In fact, in addition to a variety of locks, iOS there is another way to obtain atomicity, Nanjing Lou Feng use atomic Operations, compared to the loss of the lock to a number of orders of magnitude or so, The use of these atomic operations can be seen in some third-party framework code that pursues high performance. These atomic operation can be found in the/usr/include/libkern/osatomic.h:

Like what

_inta + +;
is non-atomic in nature.

and

OSAtomicIncrement32 (& (_inta));
Is atomic, multithreaded secure.

Atomic operation can only be applied to 32-bit or 64-bit data types, and locks are used for scenarios where nsstring or Nsarray objects are used in multithreading.

Most of the atomic operation have osatomicxxx,osatomicxxxbarrier two versions, barrier is the memory barrier mentioned earlier, When there is a dependency between multiple multithreaded variables, the barrier version is used to guarantee the correct dependency order.
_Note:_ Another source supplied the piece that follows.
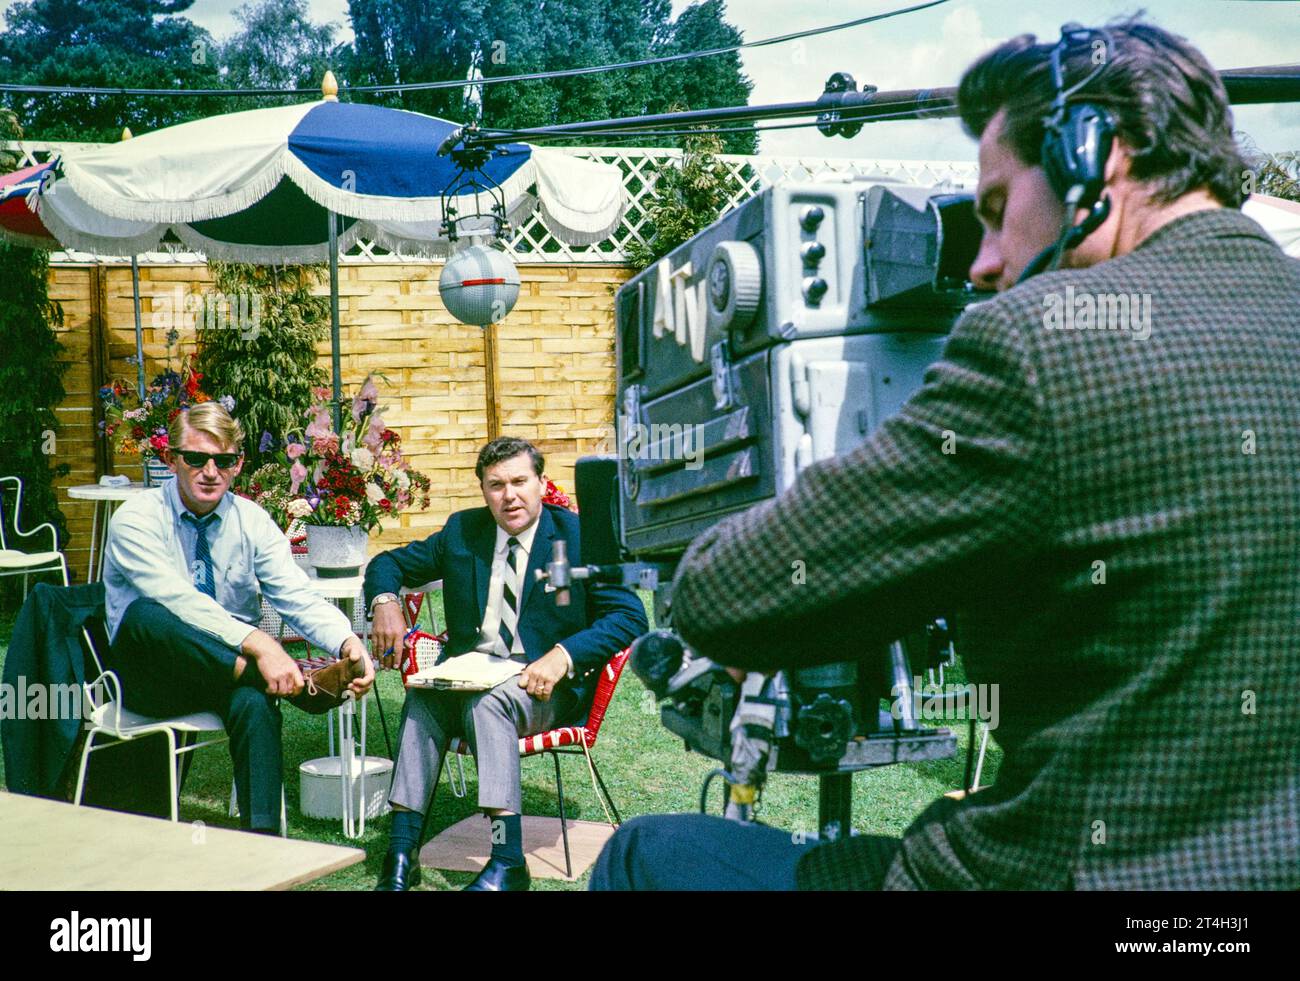 ATV TV-Fernsehen ITV Outside Broadcast, Wimbledon Tennis Turnier, England, Großbritannien 1967 Dickie Davies mit dem australischen Tennisspieler Lew Hoad Kameramann Jeff Joyce. Foto von Alan 'Taffy' Harries Stockfoto

For the usual writing application layer multithreading security code, I still recommend that you use @synchronized,nslock, or dispatch_semaphore_t, multithreading security is more important than multithreading performance, should be fully guaranteed in the former, When there is spare time to pursue the latter.

Try to avoid multi-threaded design

No matter how much code we have written, Nanjing Lou Feng www.jsgren.com have to admit that multithreading security is a complex problem, as programmers we should avoid multithreaded design as much as possible, rather than pursue the skillful use of locks.

Later I will write an article about functional programming and its core ideas, even if we use non-functional programming language, such as objective C, can greatly help us to avoid the problem of multithreading security.

Summarize

The analysis of multithreading insecurity under iOS is over, how to write multithreaded security code, after all, is still in the memory layout and atomic understanding, but also hope this article will atomic and nonatomic the real difference explained clearly:).

Where is the iOS multithreading in the end unsafe?